新内閣発足! 豊田章男自工会会長もコメント。自動車産業どうなる? 新経産相は筋金入りの原発推進派

■2030年CO2排出46%減、2050年カーボンフリーはどうなる?

●原発推進派の萩生田経産大臣により原発再稼働は推進か?

第100代総理大臣が決まった。果たして自動車産業はどうなるだろうか? 言うまでも無く自動車産業にとって喫緊のテーマになるのが環境問題だ。といっても菅前首相時代に国際公約した2050年までカーボンフリーは動かせない。「2030年までの二酸化炭素排出量削減目標を2013年度比46%減」という中期目標も変えられない。この2つの目標、必達になっている。

新内閣が決めるのは二酸化炭素削減するための手段です。菅前内閣の動きを見ると、河野太郎前規制改革担当相の強い意向により電力の主力を天然ガスや石油など化石燃料を56%から41%に引き下げ、太陽光や水力など再生可能エネルギーを22~24%から36~38%に上げた。ただ原発は2019年に立てた6%(ほぼ現状維持)から20~22%へ。

この数字、反原発だった河野太郎前規制改革担当相も動かせなかった。参考までに書いておくと2020年に於ける原発の発電割合と言えば6.2%(9基稼働中)。これを20~22%にしようとすれば、現在稼働していない24基の大半を使わなければならない。そんなことから岸田新首相は原発の行政を司る経産大臣として原発推進派で知られる萩生田氏を起用した。

官房副長官時代の萩生田氏は加計学園疑惑を無き者とした豪腕の持ち主。やるとなったら強行する可能性大。おそらく原発の再稼働を推進しようとするだろう。でないと文頭で紹介した2030年までに46%減を達成出来ない。当然の如く原発の再稼働を歓迎しない人だって多い。福島第一だって現在進行形で放射性物資を含む汚染水を大量に出し続けている。

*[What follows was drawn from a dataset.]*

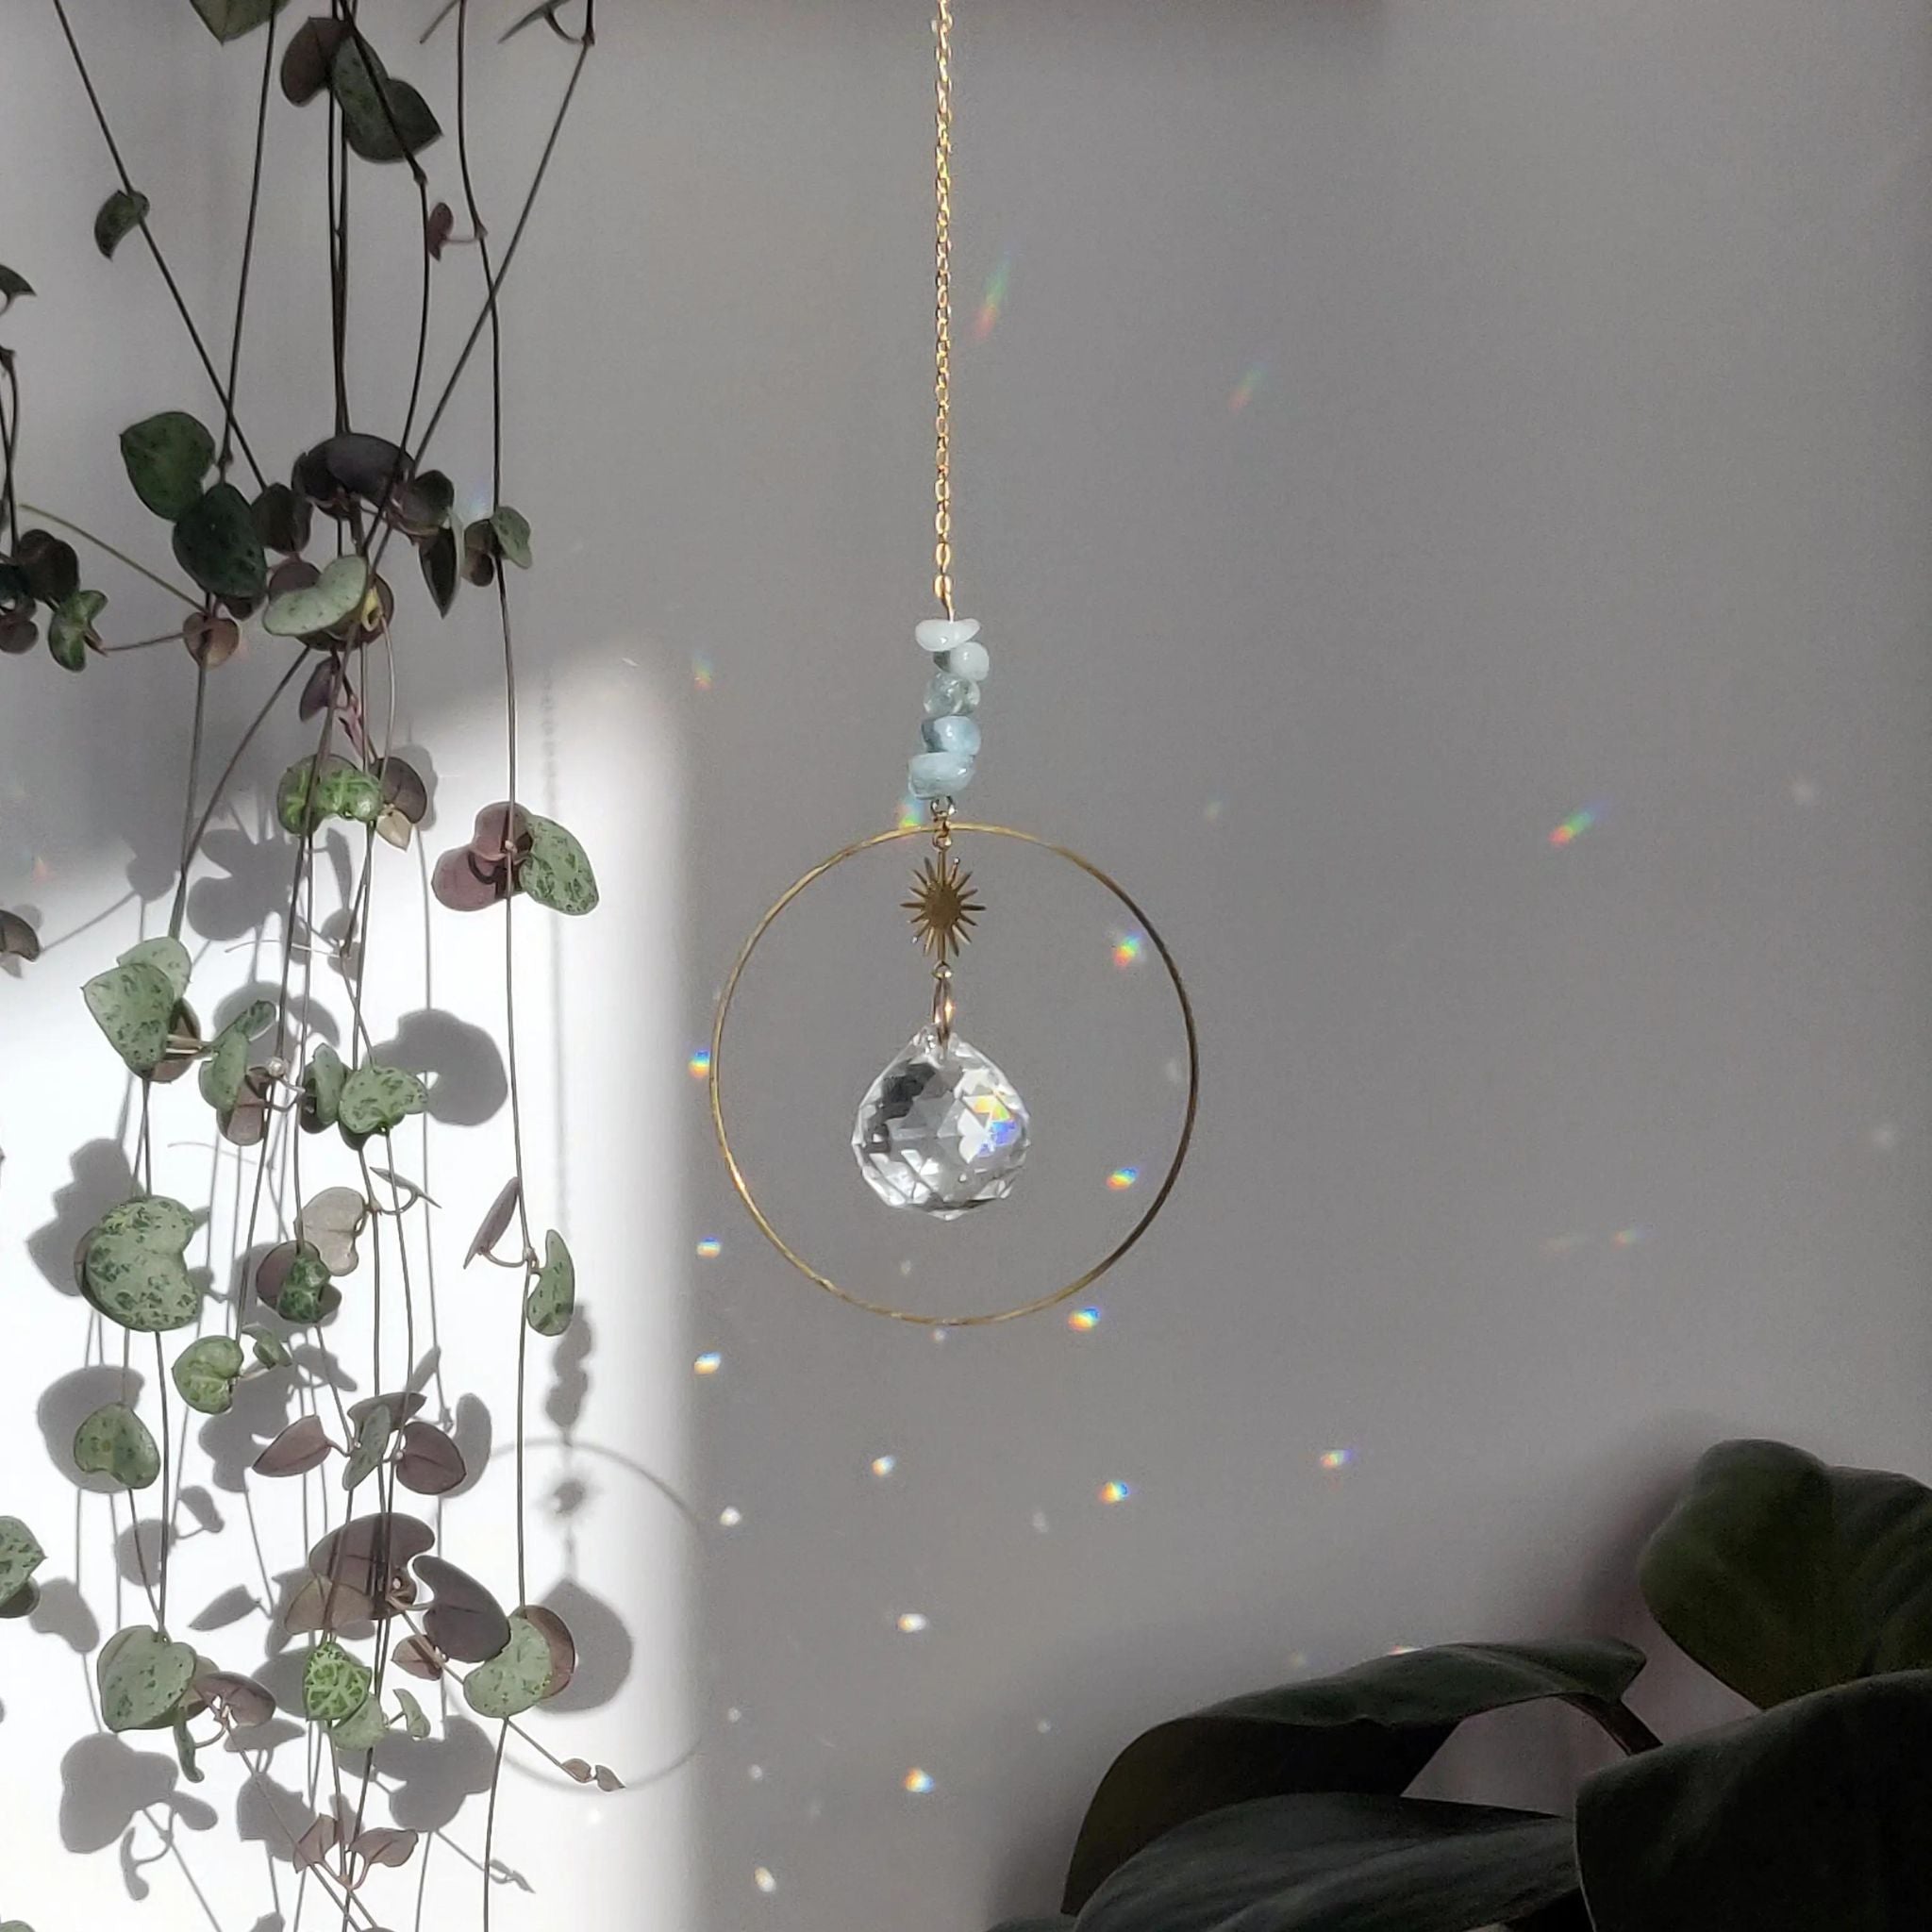 ATTRAPE SOLEIL - Lune magique – Atelier Aiyanna

自動車産業的には原発問題と関わり合いたくない。原発推進を支持した途端、そのメーカーのクルマを買いたくない人が相当数出るからだ。一方、自動車産業は二酸化炭素問題の象徴にされがち。実際、走行中に排出するだけでなく、生産時にも少なからぬエネルギーを使う。踏み絵をやらされるようなケースも出てくるかも。自動車メーカー首脳にとって大きなテーマになることだろう。

●豊田章男自工会会長としてのコメントは?

豊田章男自動車工業界会長は岸田新内会発足を受け、以下のようなコメントを出した。とりあえず御挨拶ということだと思う。

自工会会長としての豊田章男氏
自工会会長としての豊田章男氏

われわれ自動車産業といたしましては、取り巻く環境は厳しさを増すばかりですが、日本の基幹産業として、関連産業を含めた多くの雇用を守りながら、コロナからの復興、カーボンニュートラルの実現など、日本の未来のために必死に努力をしてまいりたいと思っています。「自分以外の誰かのために」という想いを胸に、それぞれの現場で、日本の「移動と暮らし」、そして経済を支える自動車産業550万人の取り組みをご支援いただきますようお願い申し上げます。

環境問題以外では、自動車産業の重要市場になっているアメリカと中国との付き合い方だ。どちらも外交力が必要。アメリカに関して言えば現状維持でいいし、穏健だし環境派のバイデン大統領ということもあり大きな課題無さそう。問題は親中派だった二階氏がやってきた駆け引きだと思う。超短期な茂木氏、恒大グループ問題で大揺れになってる中国と上手に付き合っていけるか?